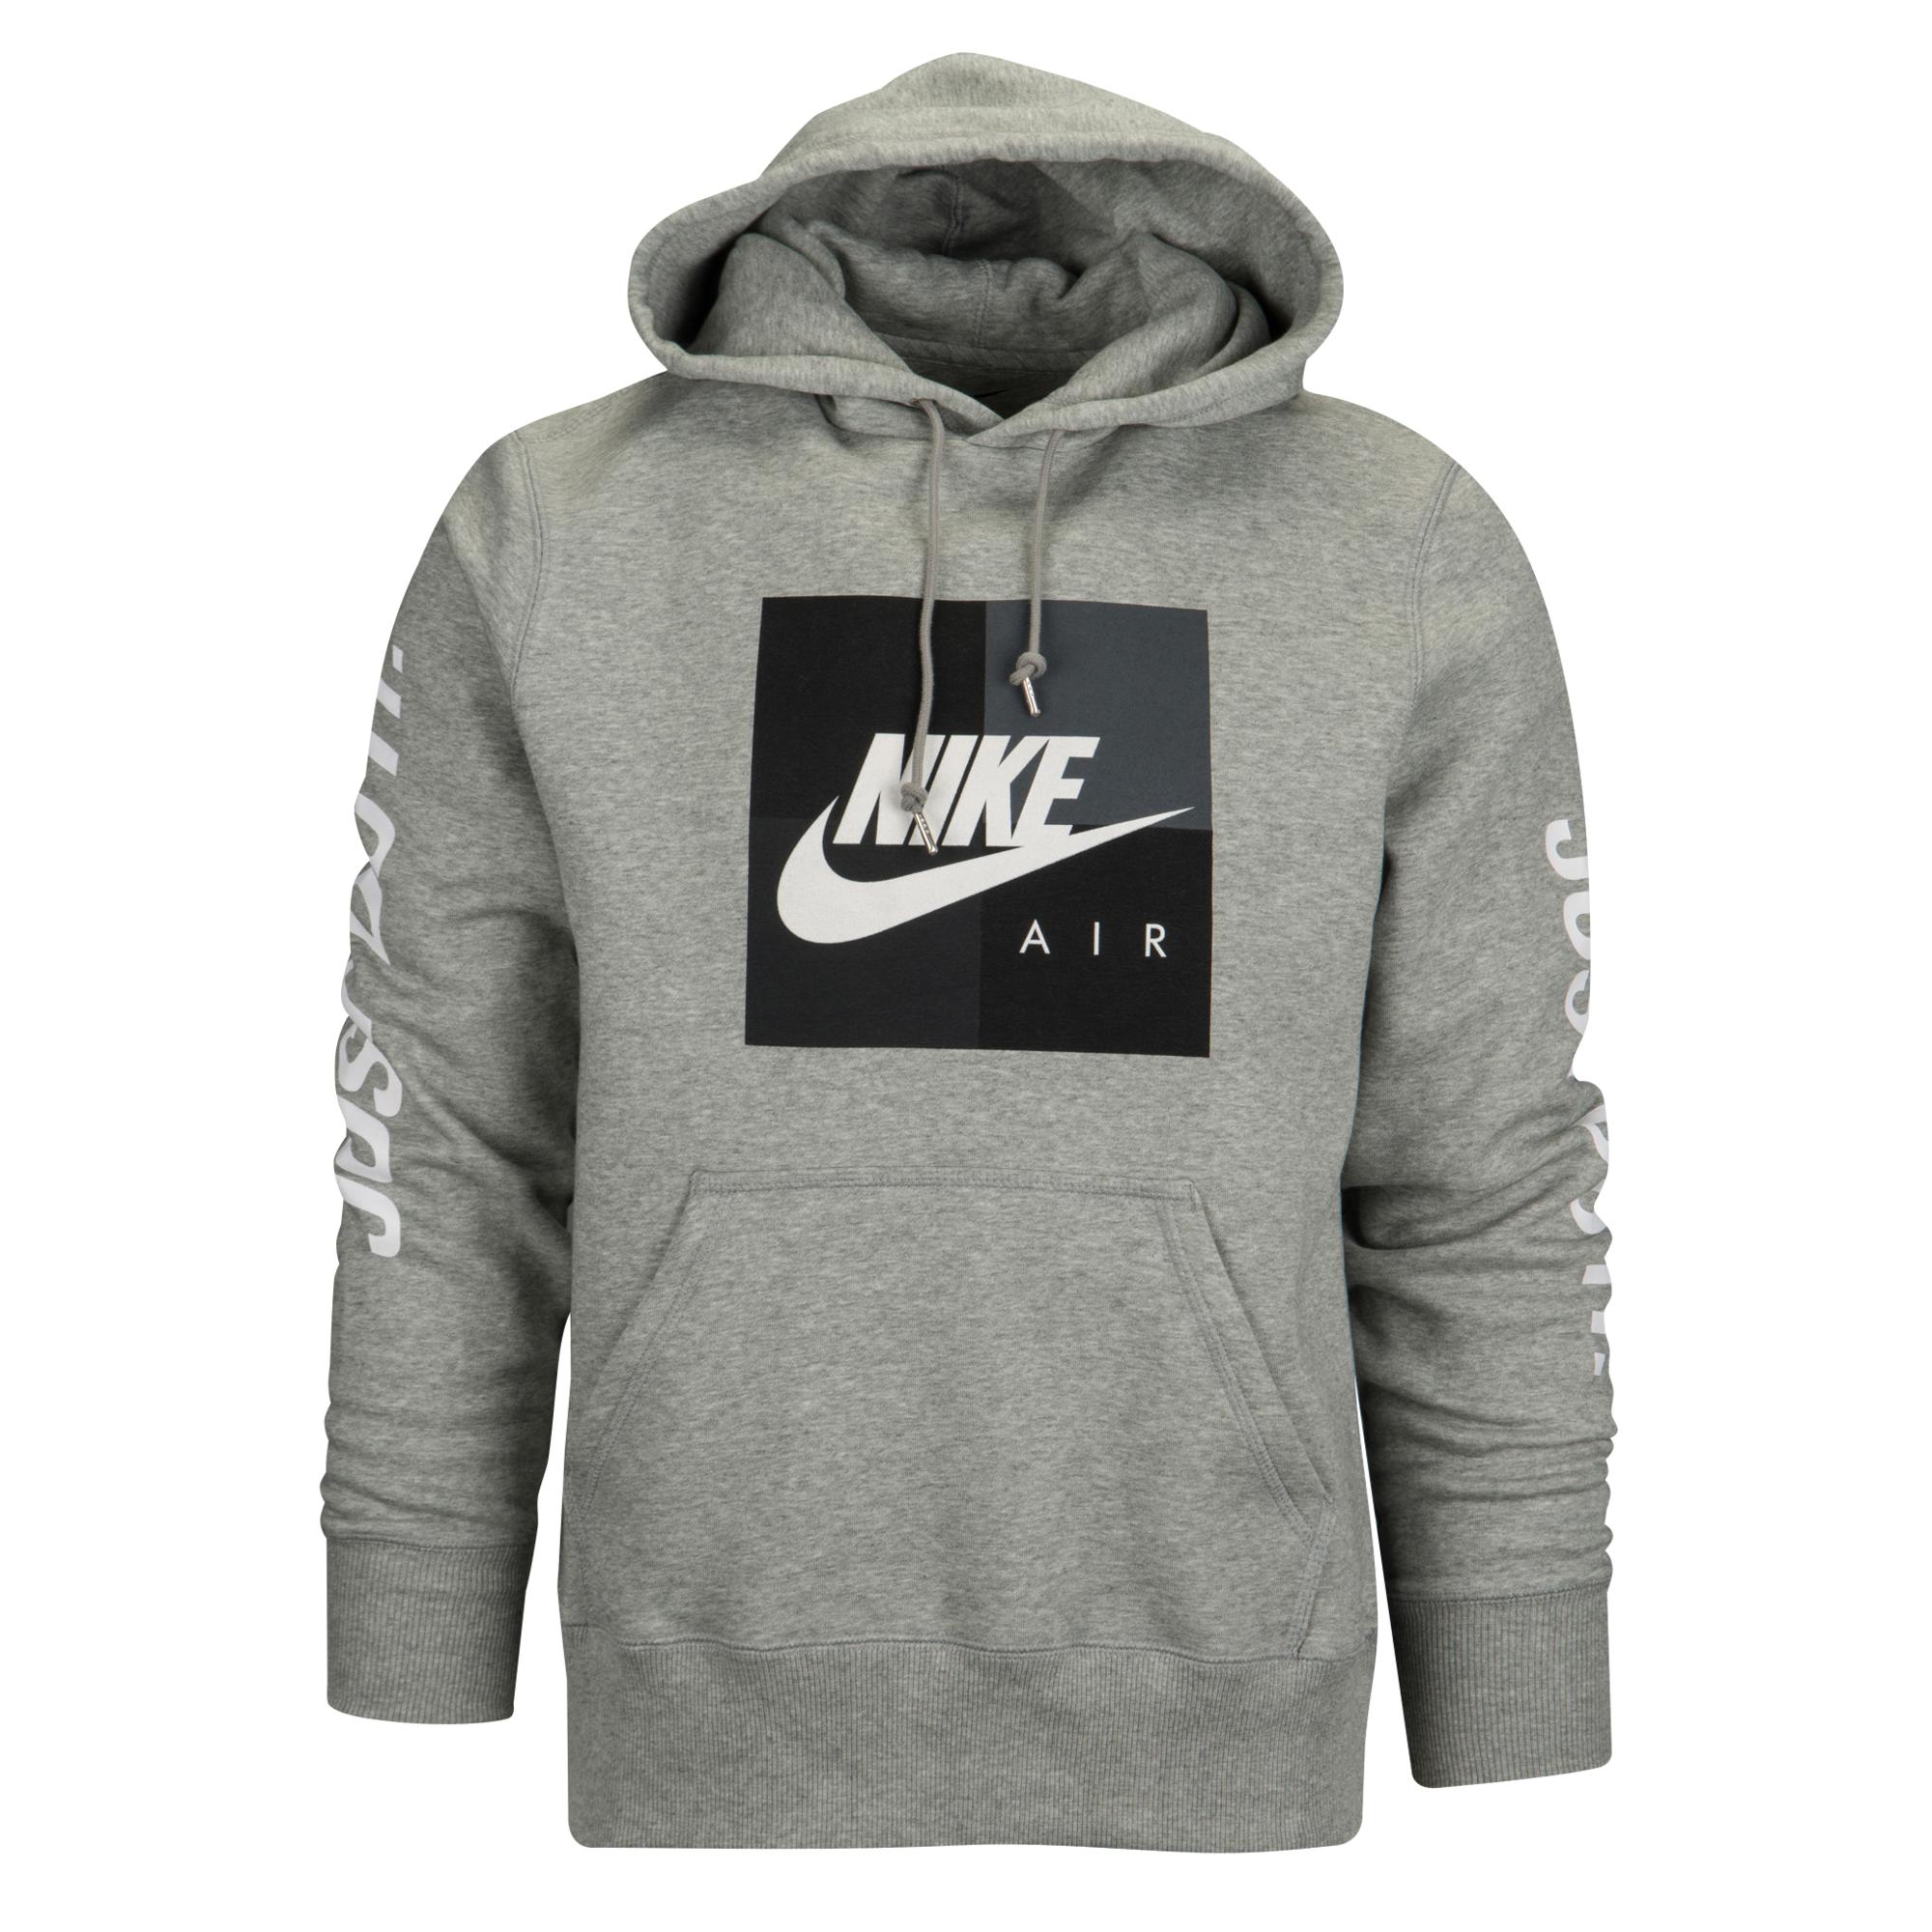 Nike Graphic Hoodie in Gray for Men - Lyst
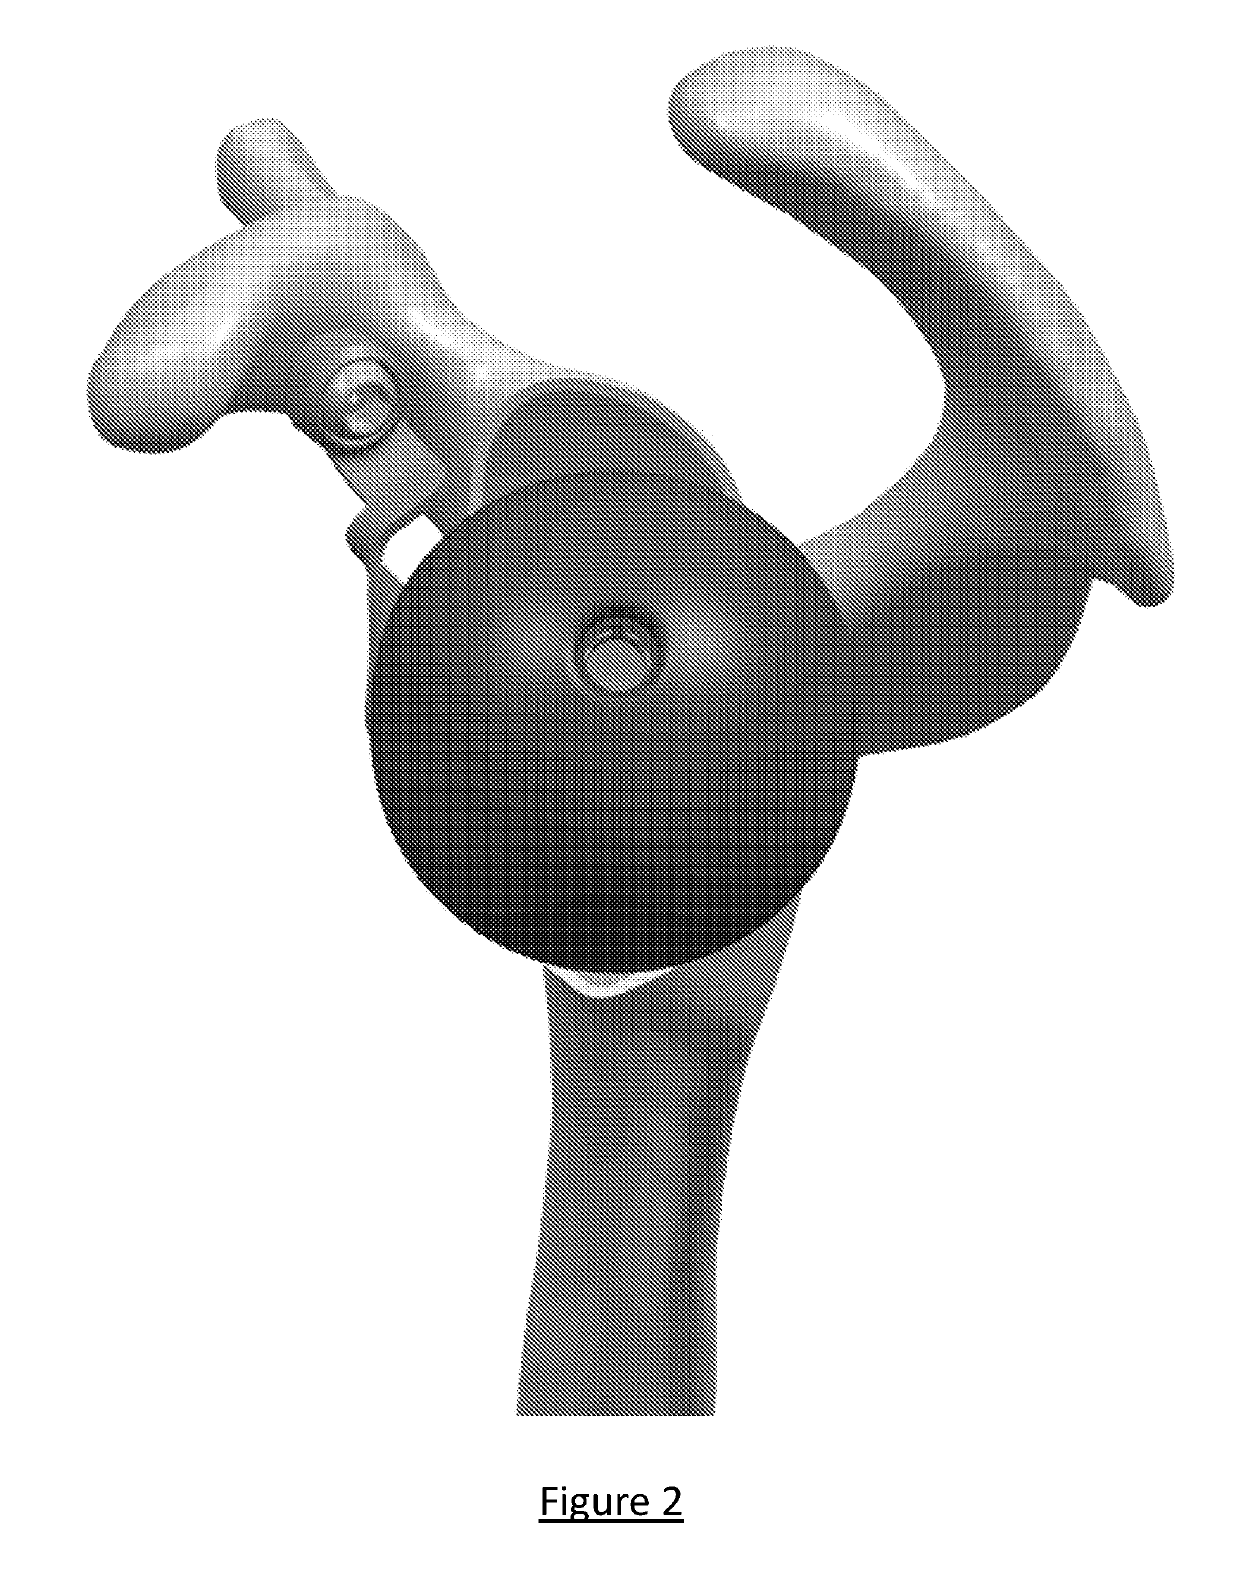 Platform rtsa glenoid prosthesis with modular attachments capable of improving initial fixation, fracture reconstructions, and joint biomechanics
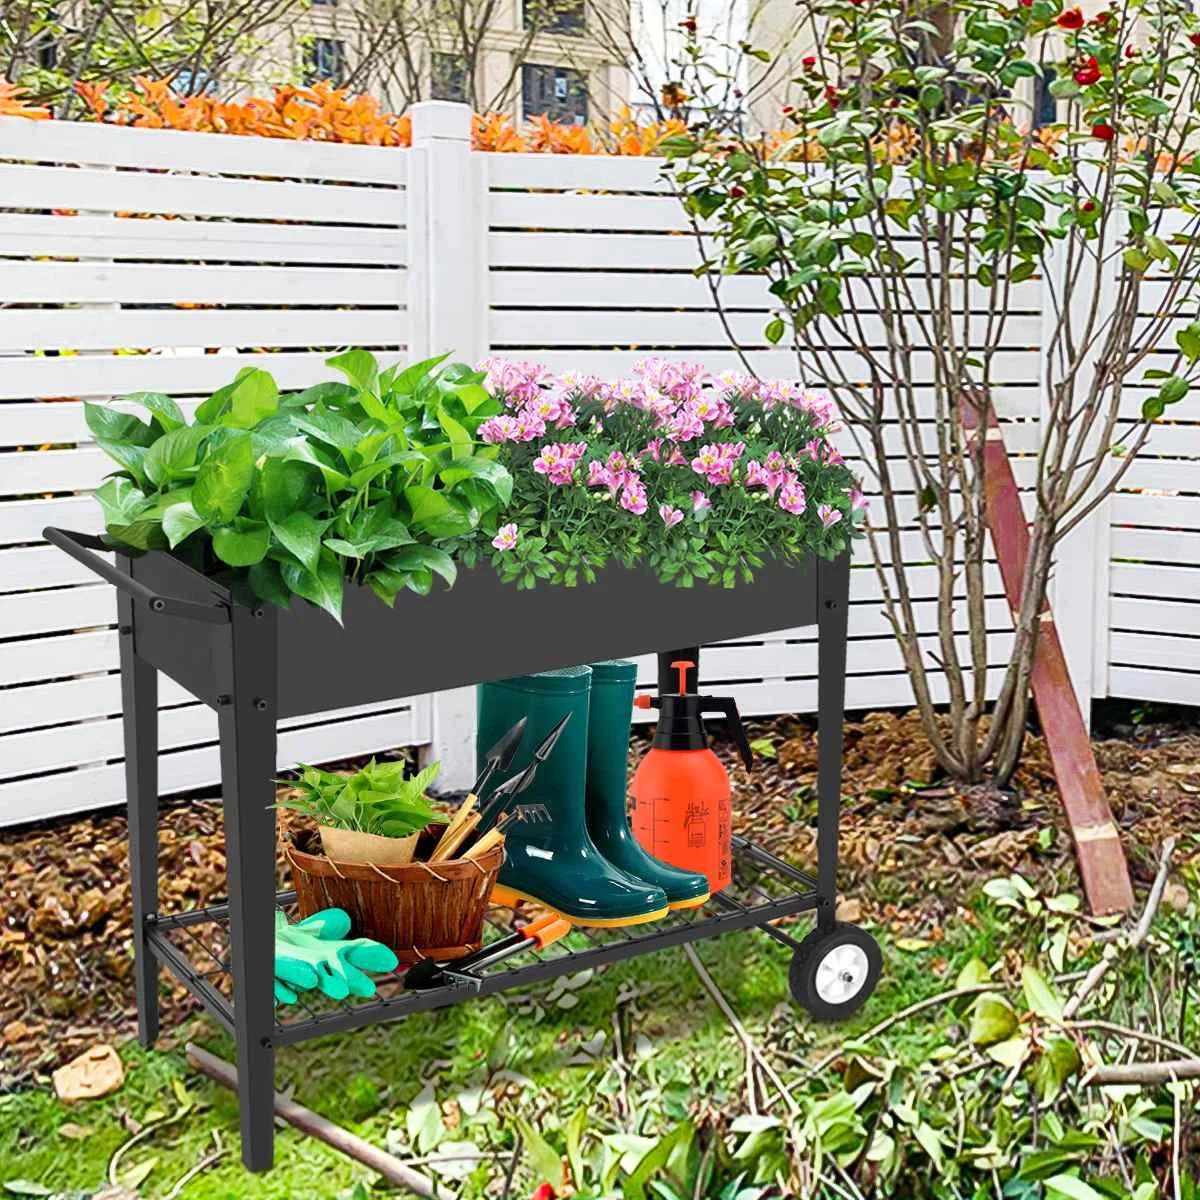 Mobile Raised 2 Tier Garden Bed Herb Yard Above Ground Raised Planter Boxes with 2 Wheel Garden Cart for Vegetables Flower Patio

What to work on —
Would you reproduce each line of the material exactly, omitting the images?

Output —
 Nike Graphic Hoodie in Gray for Men - Lyst
 Platform rtsa glenoid prosthesis with modular attachments capable of improving initial fixation, fracture reconstructions, and joint biomechanics
 Mobile Raised 2 Tier Garden Bed Herb Yard Above Ground Raised Planter Boxes with 2 Wheel Garden Cart for Vegetables Flower Patio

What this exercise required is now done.